Это диалог из первой серии «Холокоста» — американского мини-сериала, который компания NBC сняла в 1978 году. Обратите внимание: спустя 33 года после конца войны. В центре сюжета — судьба двух вымышленных семей, немцев Дорфов и евреев Вайсов. В этой сцене Эрик Дорф, который уже несколько лет работает в СС, приходит к своему давнему знакомому — еврейскому доктору Йозефу Вайсу. Когда-то Вайс лечил семью Эрика, но после прихода нацистов к власти отношения испортились. Эрик грубо советует своему бывшему еврейскому врачу бросить все и скорее уехать из Германии.

Доктор Вайс рассказывает о разговоре с Эриком своей жене, пианистке Берте. Но Германия — ее родина, поэтому она не хочет никуда ехать. Вскоре после этого разговора Йозефа и Берту с детьми ссылают в Варшавское гетто. К концу сериала вся их семья оказывается в Освенциме.

«Холокост» — это такая типичная американская мыльная опера. Повествование разбито так, чтобы было удобно вставлять рекламные паузы, характеры героев очень выпуклые и однозначные, сюжетные повороты довольно предсказуемые, в конце каждой серии клиффхэнгер — крючок, который цепляет ваше внимание и заставляет смотреть дальше. В одной из главных ролей, кстати, молодая Мерил Стрип.

Когда «Холокост» показали в ФРГ, он произвел фурор. Его посмотрели больше 20 млн немцев, то есть примерно половина взрослого населения страны. Сотрудники местной телестудии получили 20 тысяч писем и 5 тысяч звонков от благодарных зрителей. В общем, людей задело: это была такая смесь сочувствия, ужаса и раскаяния. Еще раз повторю — это важно — шел семьдесят восьмой год. С конца войны прошло 33 года.

На месте немецких историков, политиков, писателей и режиссеров мне бы было очень обидно. Все это время про Холокост никто не молчал. Были написаны сотни исследований, романов и пьес, снято множество фильмов, миллионы людей побывали на экскурсиях в лагерях смерти и так далее. И, несмотря на все это, в немецком обществе все еще не было однозначного отношения к гитлеровскому периоду. А тут вдруг какая-то американская мыльная опера подарила нации если не полный консенсус, то что-то очень близкое к нему.

Вообще-то все эти годы шли споры, суды, а немецкое общество кидало из стороны в сторону. То оно берет на себя ответственность за военные преступления. То валит все на Гитлера и исторические обстоятельства. Тему Холокоста несколько раз «окончательно» закрывали и снова открывали. В общем, это были очень непростые годы, о которых я и хочу рассказать.

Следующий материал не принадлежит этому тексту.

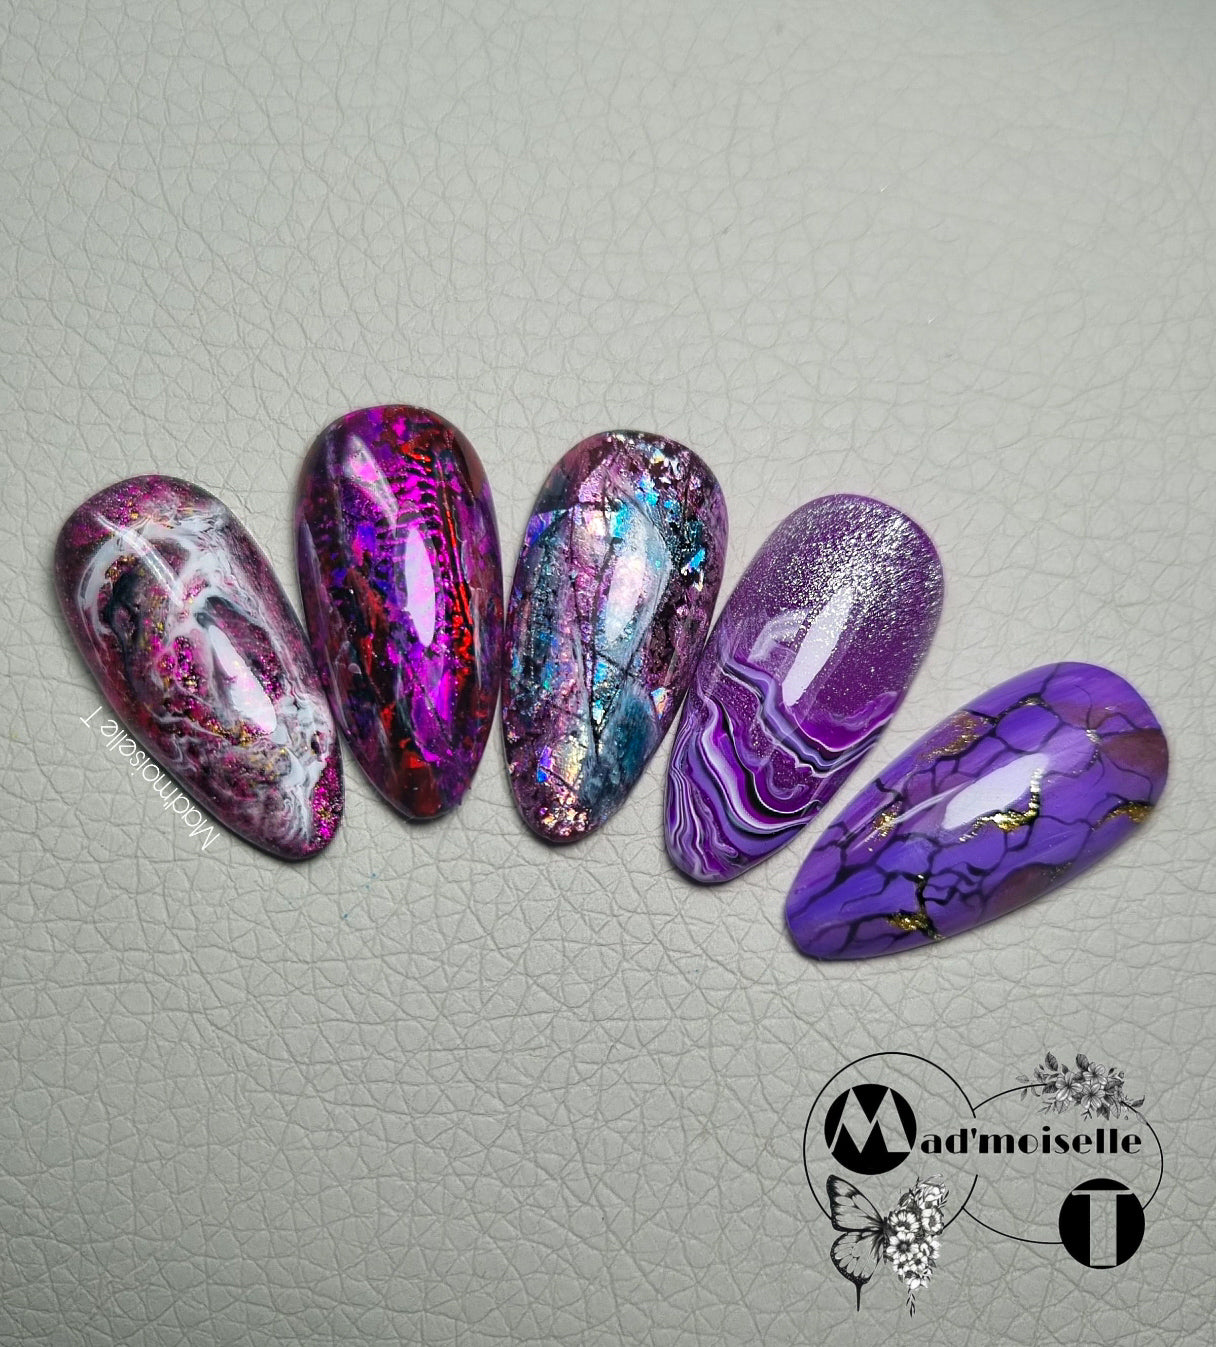 Formation Nail art technique STONE EFFECT - Mad’moiselle T Nail Shop

Методы работы с трудным прошлым: правосудие, компенсации, амнистия, память

В «Википедии» есть статья «Преодоление прошлого». Она о том, как разные общества переосмысляли себя, когда переходили от диктатуры к демократии. Помимо Германии, там есть пример Испании, которая заново отстраивалась после смерти диктатора-националиста Франсиско Франко. Или пример Камбоджи после диктатуры Пола Пота, который практиковал этнические чистки, депортации и массовые казни. Так вот, в статье приводятся несколько главных и самых эффективных способов работы с трудным прошлым.

Первый — это политические чистки и правосудие. Например, денацификация — то самое загадочное слово, которое мы слышим каждый день с 24 февраля. В послевоенной Германии под ним понимали отмену гитлеровских законов, уничтожение фашистской символики и, конечно, роспуск нацистской партии и суды над ее лидерами. Ну, то есть такие официальные жесты, в основном юридические.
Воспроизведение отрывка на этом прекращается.